I decided to include old samples whole for some chunks of color. This is all my soap trimmings from the past 2-3 years.
Rebatching soap is as easy as taking any lye soap, shredding it and melting it down in a crock pot by adding small amounts of water in tablespoon amounts until it becomes a thick mashed potato consistancy. You can do this for old soap, ugly soap or scraps of soap. Then use a handheld mixer to get it all combined. Add color or scent if you want, all colors mixing together like I have here makes an undisirable brown/grey color. I added a bit of a brilliant blue to make sure it wasnt a brownish sort of grey. Charcoal is also a good additive if your getting an unappealing color. You can also sort the colors of soap you are rebatching to start with if you are using large amounts of various kinds of soap. If I planed the surfaces for perfection I them I would have quite a bit more to work with but it’s easier to just throw it all together.
I added an even blend of Frankincense, Sandalwood and Patchouli which makes a very clean scent. It also goes well with all the mixed smells that are already there.

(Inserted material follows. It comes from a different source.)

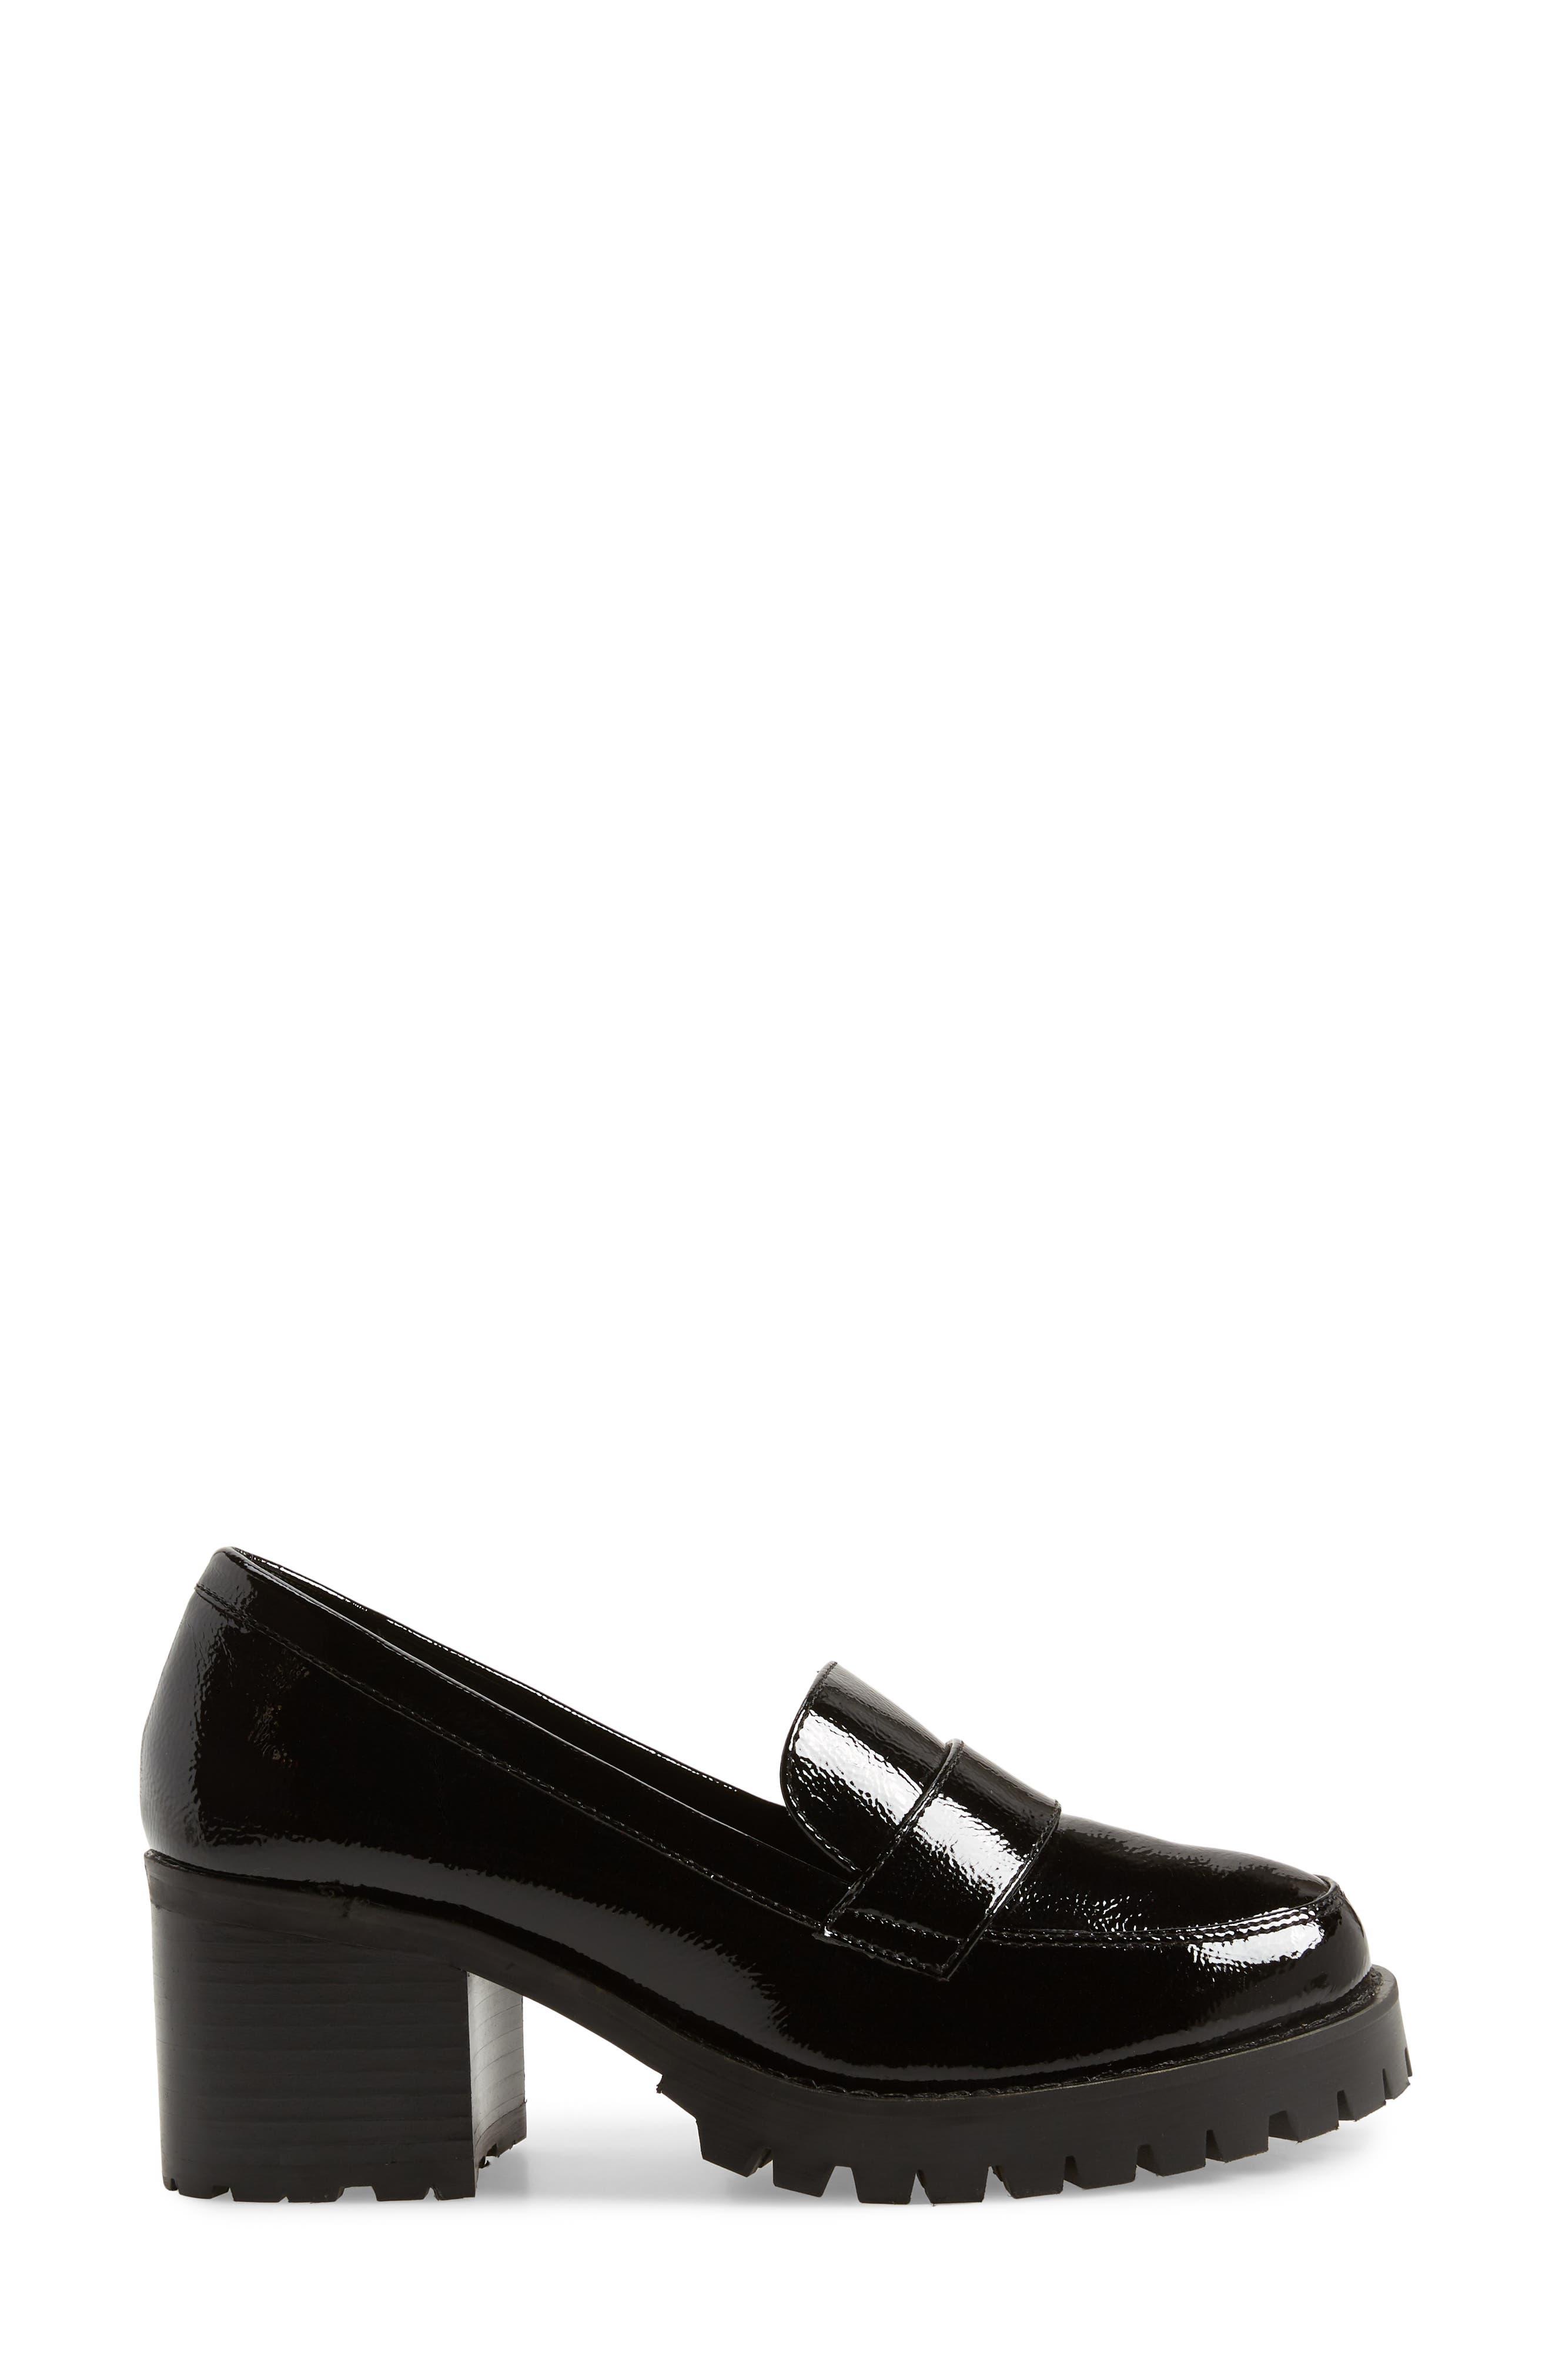 Leighton Platform Loafer,                             Alternate thumbnail 3, color,                             BLACK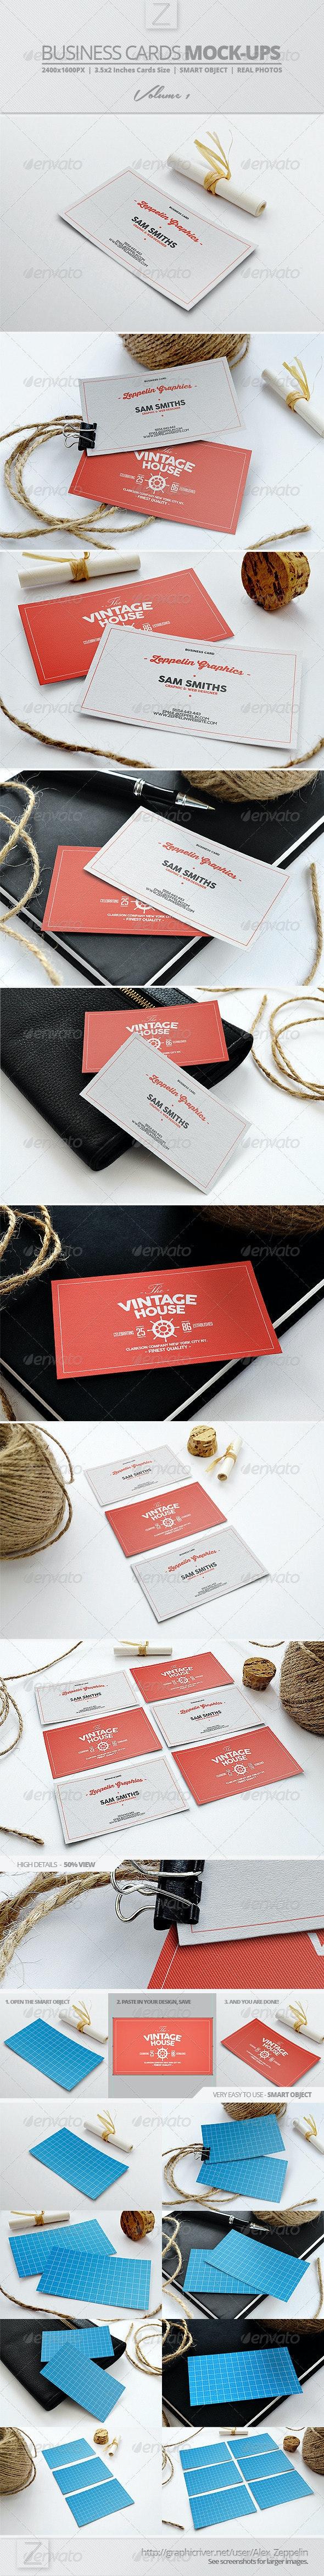 Business Card Mock-ups Vol.1 - Business Cards Print

I recently made a plain unscented cold process soap with the idea of rebatching it. I wanted a blank slate to start with instead of scraps that are already scented and colored. I let one pound of the soap sit and cure for a month before the rebatch. I grated the soap into a crock pot, added 1/4 cup of coconut milk and and 1 teaspoon of honey. One of the advantages of rebatching is to add luxury ingredients like oils, milks, herbs and sensitive essential oils.
I put the crockpot on high and covered it. I let it cook for about 20-30 minutes before I began stirring it every 5 minutes. Turn off the heat once it is melted enough to mix easily. You can choose to stick blend it but I decided against that.
I used a chai tea fragrance for this, It will cause some discoloration which should be interesting contrast. I used some pearly white mica to ensure the tan wouldn’t be too dark.